T o t a l e x t r a c t c o n t e n t = \frac{E x t r a c t i o n m a s s}{A l g a l m a s s} (m g ∕ g)

Determining Total Phlorotannin Content (TPC)

The total phlorotannin content was determined according to the Folin-Ciocalteu method, using the standard curve constructed based on phloroglucinol.^44,45

In a glass vessel, 2.5 ml of 10% Folin-Ciocalteu solution was added to 0.5 ml of total extract. After 5 minutes, 2 ml of 7.5% Na₂CO₃ was added, and the reaction was left to proceed in the dark at room temperature. After 45 minutes, the mixture was centrifuged, and the supernatant was collected and measured in a UV-Vis spectrophotometer (Shimadzu UV-Vis 1800, Japan) at 730 nm.

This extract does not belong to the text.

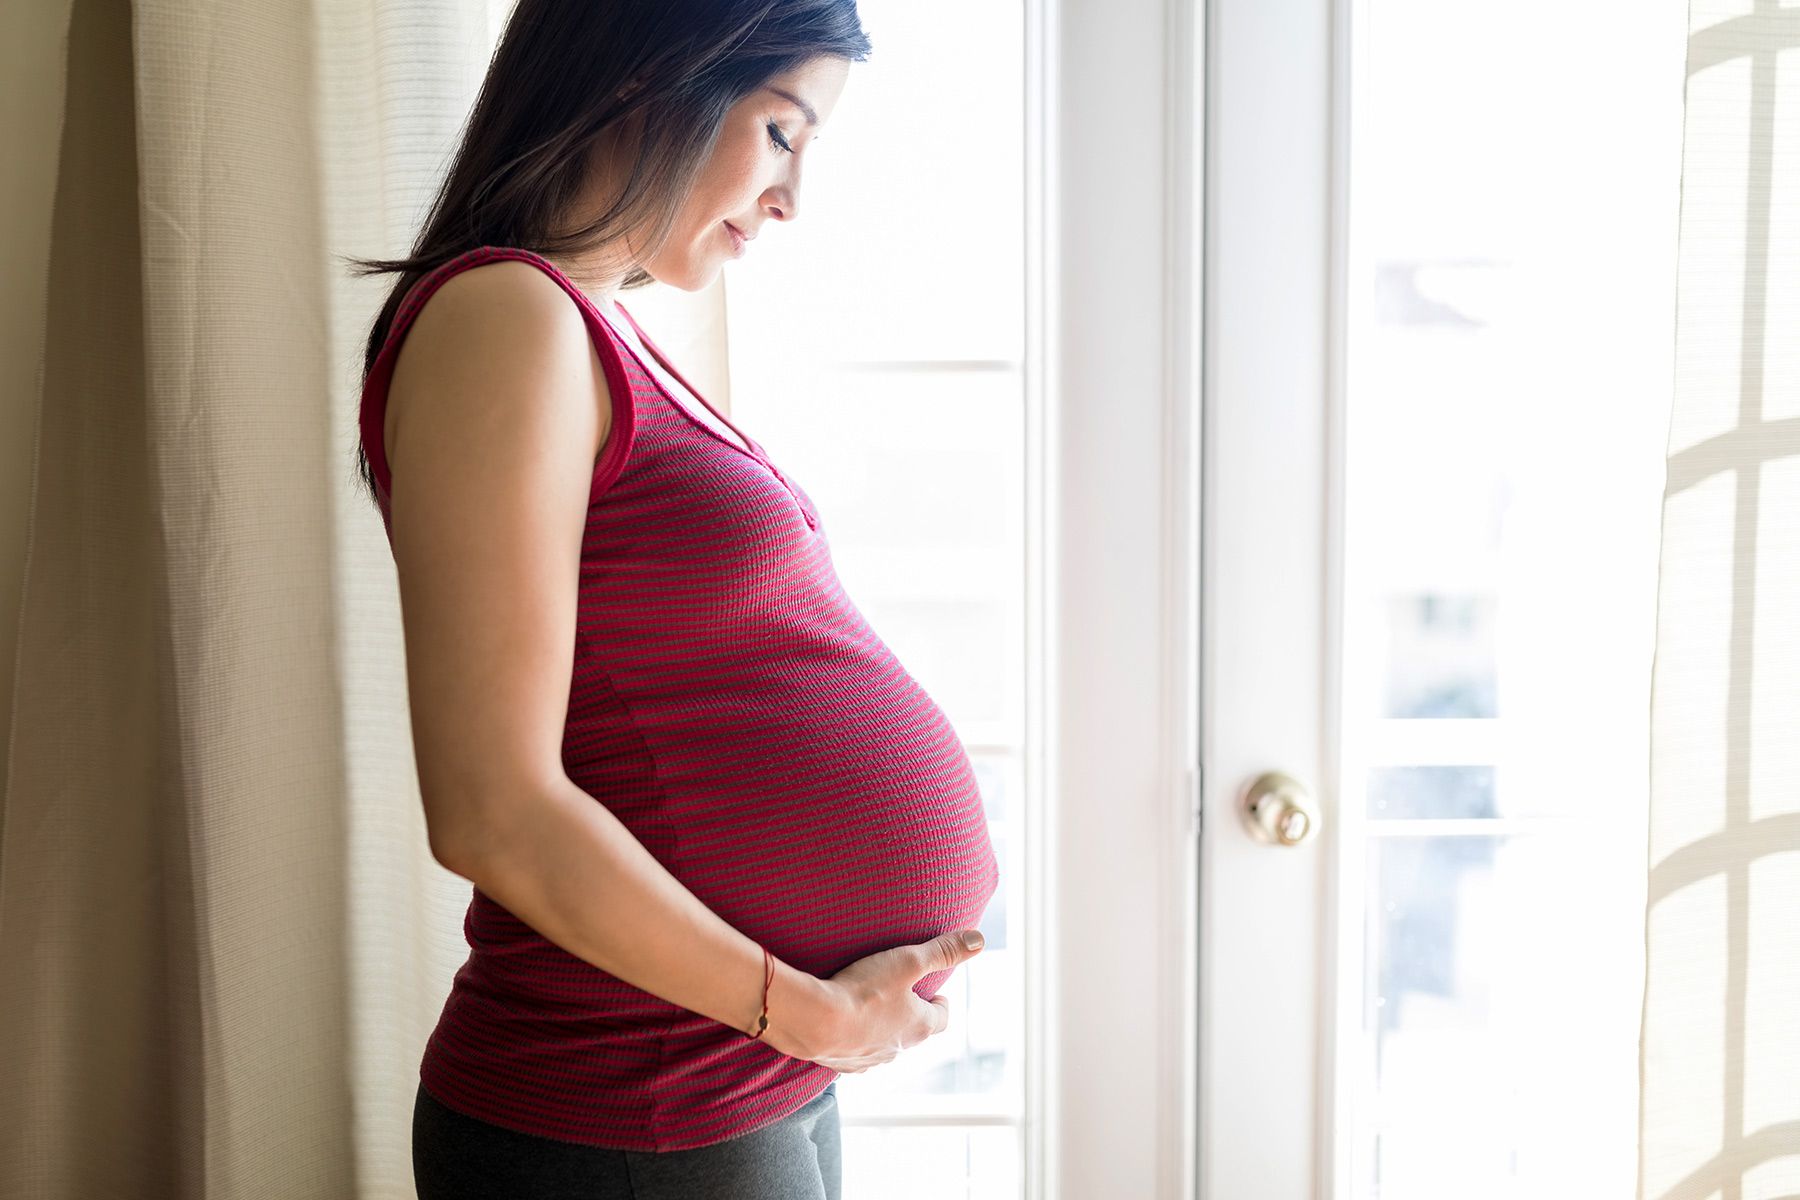 Diabetes gestational adalah tipe penyakit gula terjadi saat kehamilan

Based on the standard curve equation, which reflects the relationship between phloroglucinol concentration and absorbance, the phlorotannin equivalent in the analyzed sample was calculated and expressed as mg phloroglucinol equivalent/ g dried materials (mgPhE/g dried materials).

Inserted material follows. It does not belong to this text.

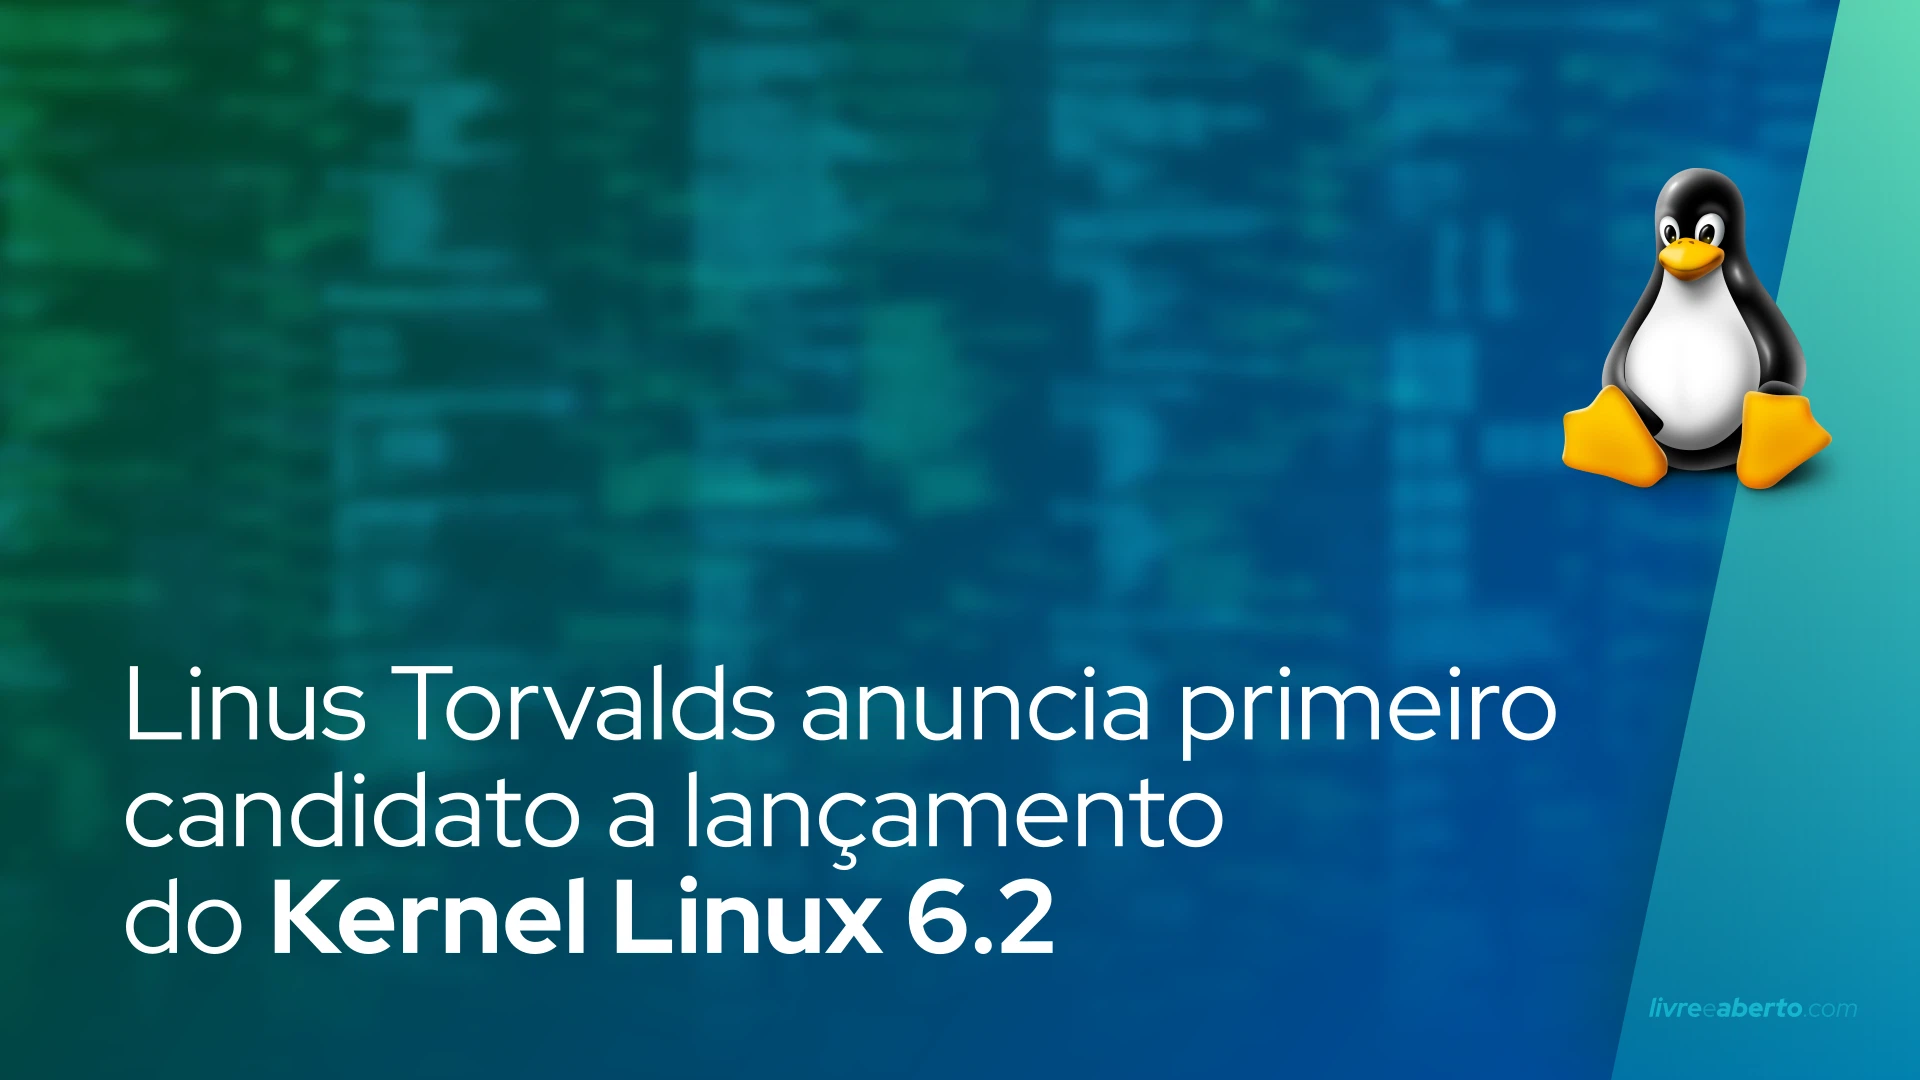 Linus Torvalds anuncia primeiro candidato a lançamento do Kernel Linux 6.2

Experimental Design for Response Surface Methodology Optimization

Using response surface methodology, a statistical model was estimated to describe the effect of selected experimental conditions (ethanol concentration, extraction temperature, ratio of solvent to raw material and microwave power) on total phlorotannin output and total extract content.⁴⁶ Box-Wilson central composite design was used to generate parameters for 25 experiments with a coefficient of α = 1.414, which were actually attempted to obtain the data of the two outcomes used for model estimation. The input for experimental design was obtained from results of preliminary single-factor investigations, which were carried out in the following order: effects of ethanol concentration, solvent/material ratio, extraction time and microwave output power on total phlorotannins yield and total extract content. The model was then evaluated for validity using Analysis of Variance (ANOVA) and then optimized to find the optimal set of conditions, which were then experimentally verified. The following second order equation represents the general function form that describes 1 desired outcome as a function of independent variables.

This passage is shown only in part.